Am i good for nothing???
Am i not good enough for anything???
It has been so long...and finally, I'm blogging again.
Just to let out things that have been stuck in my mind. Sometimes i just cant let say it out to anyone, anybody face to face.
Things at work getting pretty bad now. The situation is unbearable. I cant handle it. Its beyond my control. I don't know how to voice out to my in-charge. I don't even know how to start at the first place.
All i did was to cry and cry. I cried in the office when there were nobody around. I cried during my toilet break. I cried in the bus on my way back home. I cried myself to sleep.
At night, i have nightmares about work. I dreamt about work. Is this some sort of a sign??
I don't feel like going to work tomorrow. Seriously. I'm sick of sitting in front of my PC and staring at it for the whole day. Why cant i have a day to rest. Everyday i have to rush my work. Everyday i have to follow up.
Too many things happen at the same time.
Today, hubby told me the HDB flat at Clementi were all taken.

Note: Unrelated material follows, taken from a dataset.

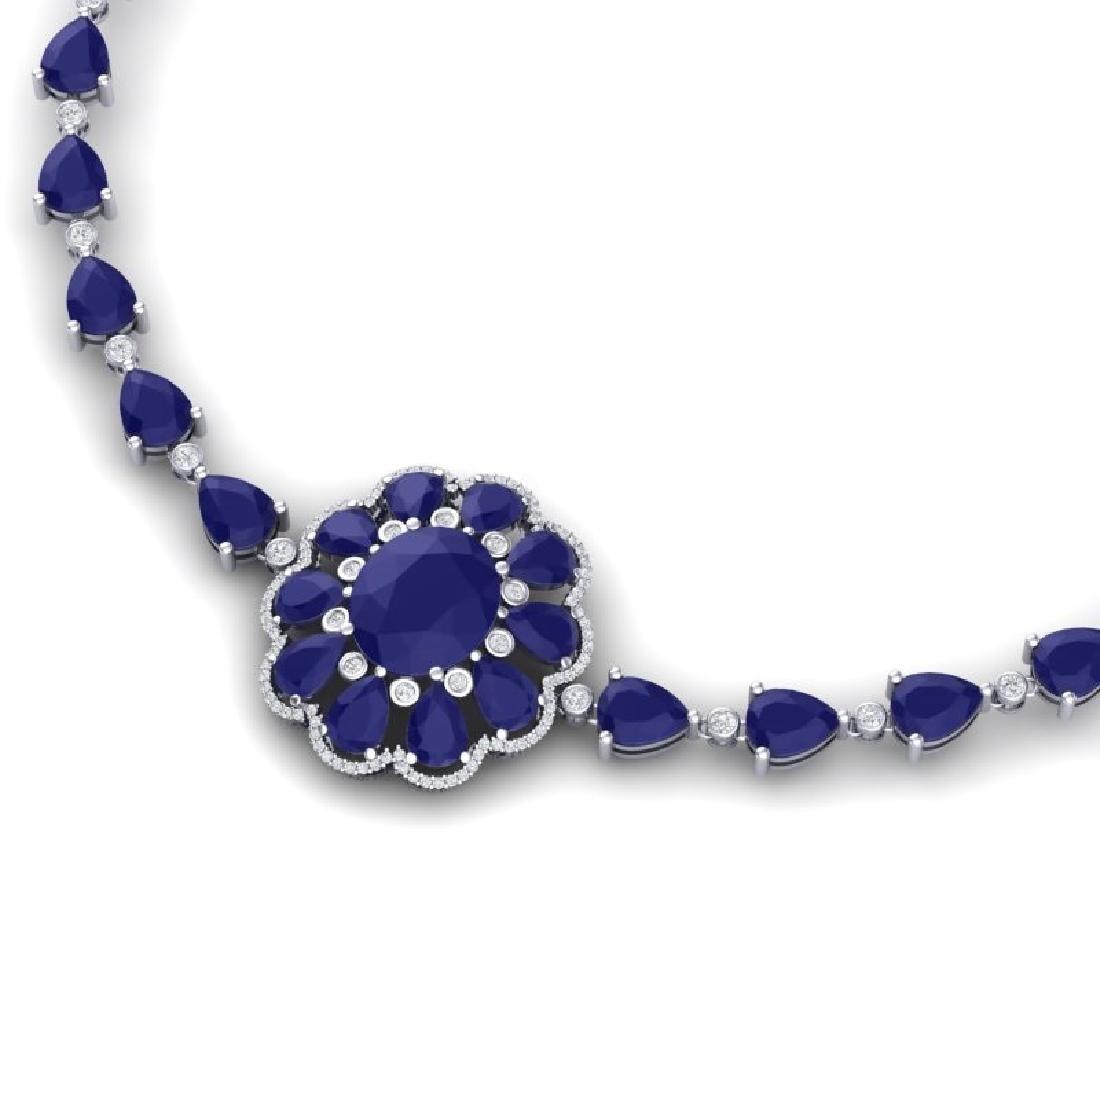 78.98 CTW Royalty Sapphire & VS Diamond Necklace 18K

Disappointed but we still have to come out with another plan. New BTO or resale flat.
Gosh! $$$$$
Our wedding shots are also having problem. Package stated with small album but we still have to pay for the designs???
WTF???!!!
Wedding date is getting near. I've yet to settle my stuff.
Sigh.
Why all this happen to me~??
=(
I knew it! I always knew that she's jealous of me. Especially that day when i accompanied hubby out with his colleagues.
Crazy B said that the purse hubby going to buy for me is expensive and not worth buying. I was having flashes of me punching her face. How i wish i really do that! Crazy B even make me angry that day for giving my Hubby carry her laptop bag!! Who is she anyway?? Anak Sultan ker???
Go to Hell!!
Yes, i can see changes in him. I could feel his sincerity & love.
But sometimes i just don't understand why.. He cant blame me for behaving the way i did. "I'm angry at them & not you."
He never took my side but instead he broke my heart by saying something that he's not supposed to. It hurts me so badly. How can he say that?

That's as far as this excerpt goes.